→ YOUR ASSIGNMENT
Only the lines from the one with "Warmweiß, Hängeleuchte, Hängelampe" through the final line below belong in the answer, copied exactly and without pictures.

→ INFORMATION SUPPLIED
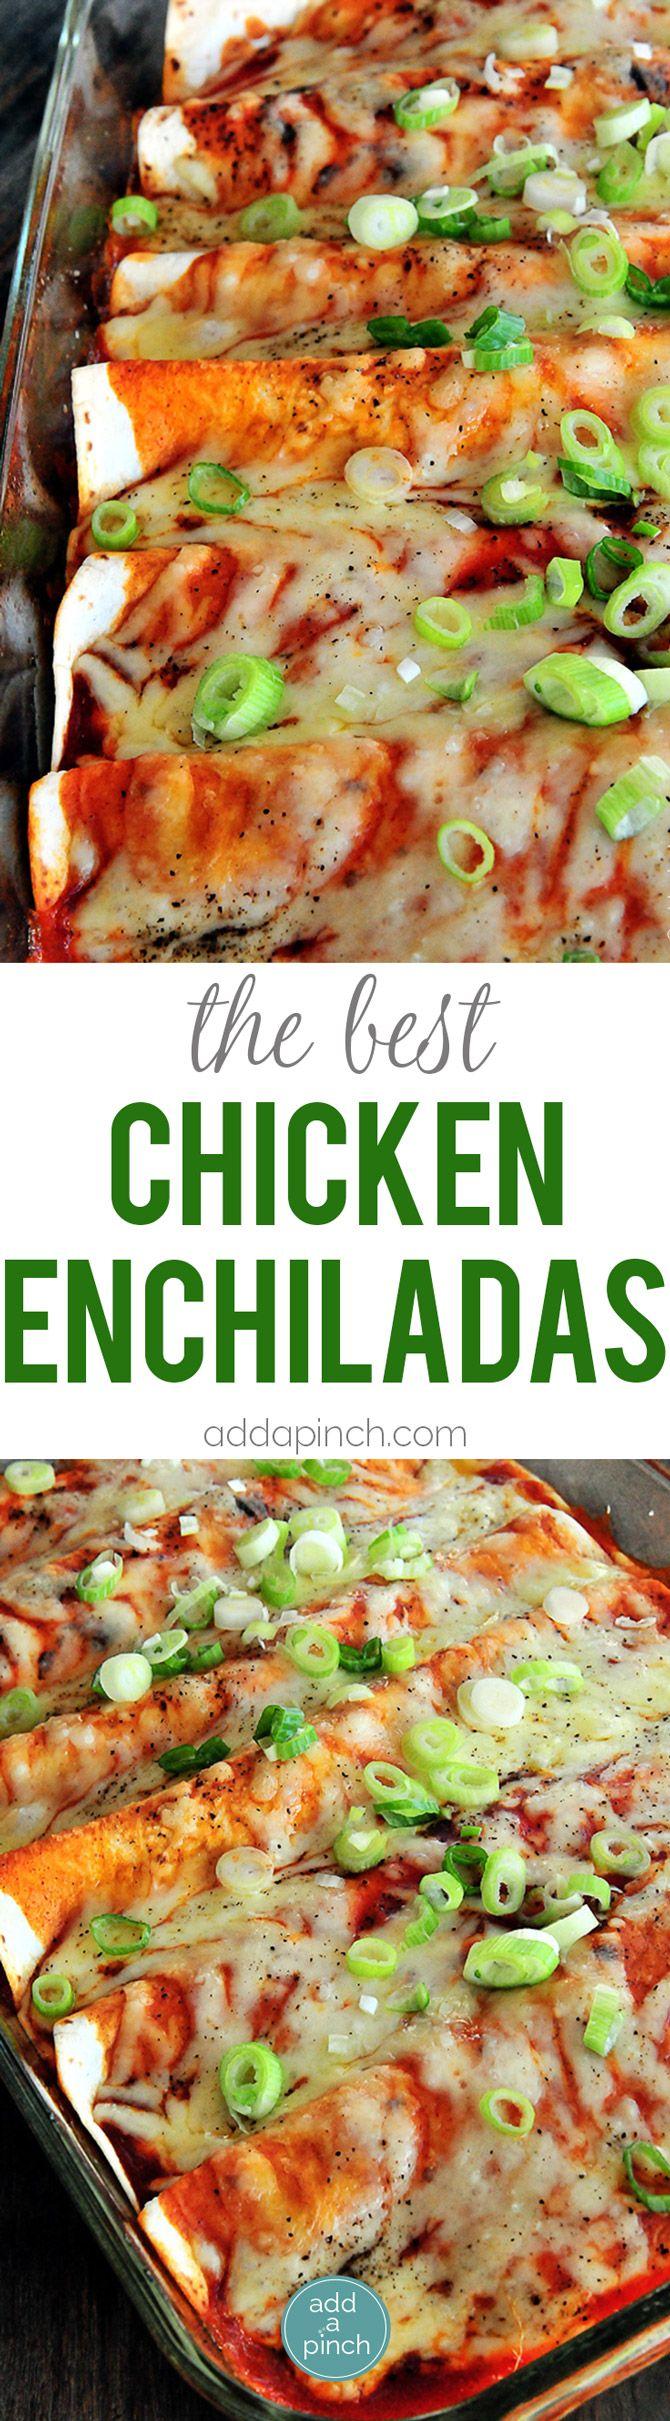 Chicken Enchiladas opskrift - Kylling Enchiladas gøre en perfekt aften måltid!  Alvorligt den bedste kylling enchilada opskrift og én hele familien vil elske!  Det vil blive en favorit!  // addapinch.com
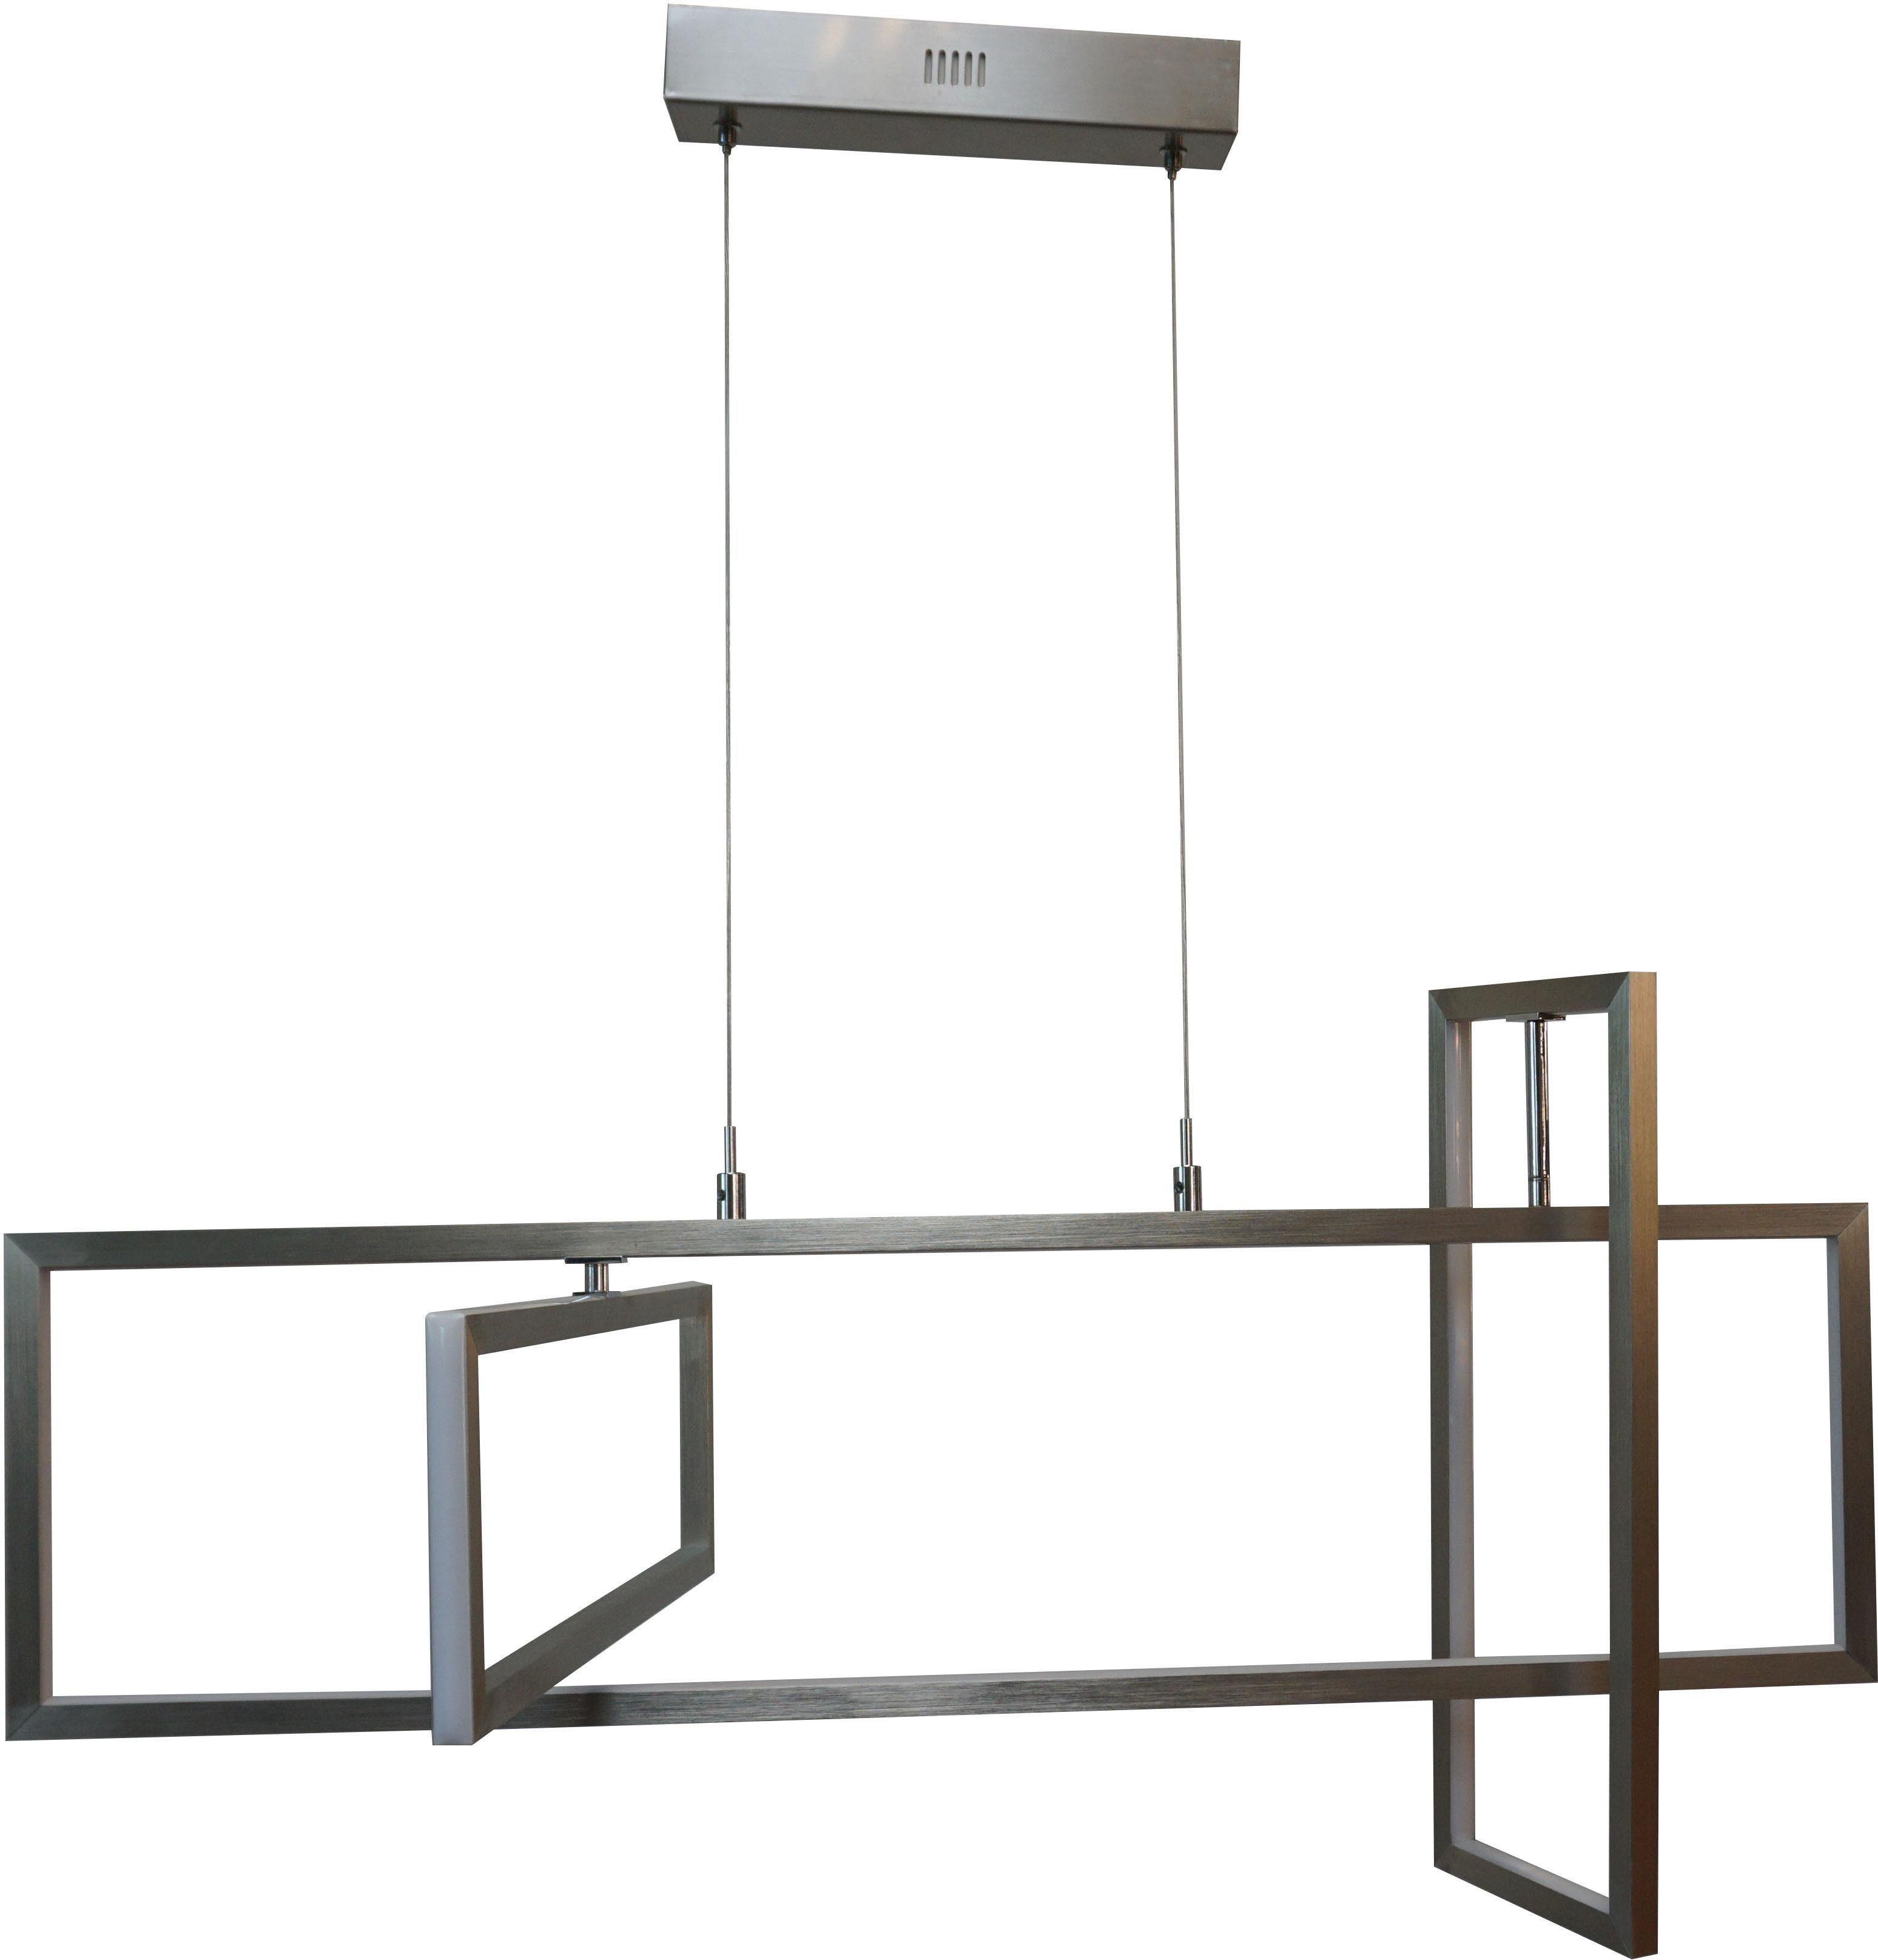 WOFI Pendelleuchte FIONA, LED-Board, Warmweiß, Hängeleuchte, Hängelampe
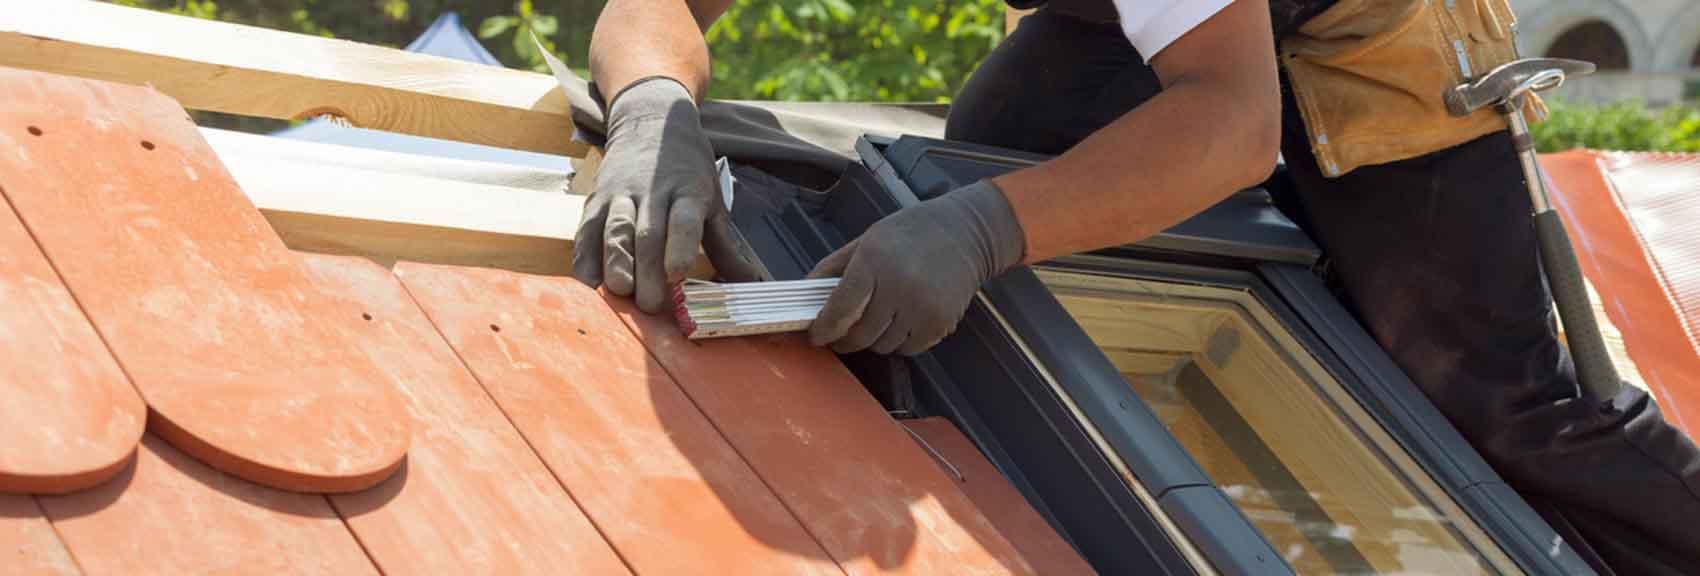 Dacheindeckung Preise Preisvergleich Starten 11880 Dachdecker Com

→ ANSWER SPACE
 WOFI Pendelleuchte FIONA, LED-Board, Warmweiß, Hängeleuchte, Hängelampe
 Dacheindeckung Preise Preisvergleich Starten 11880 Dachdecker Com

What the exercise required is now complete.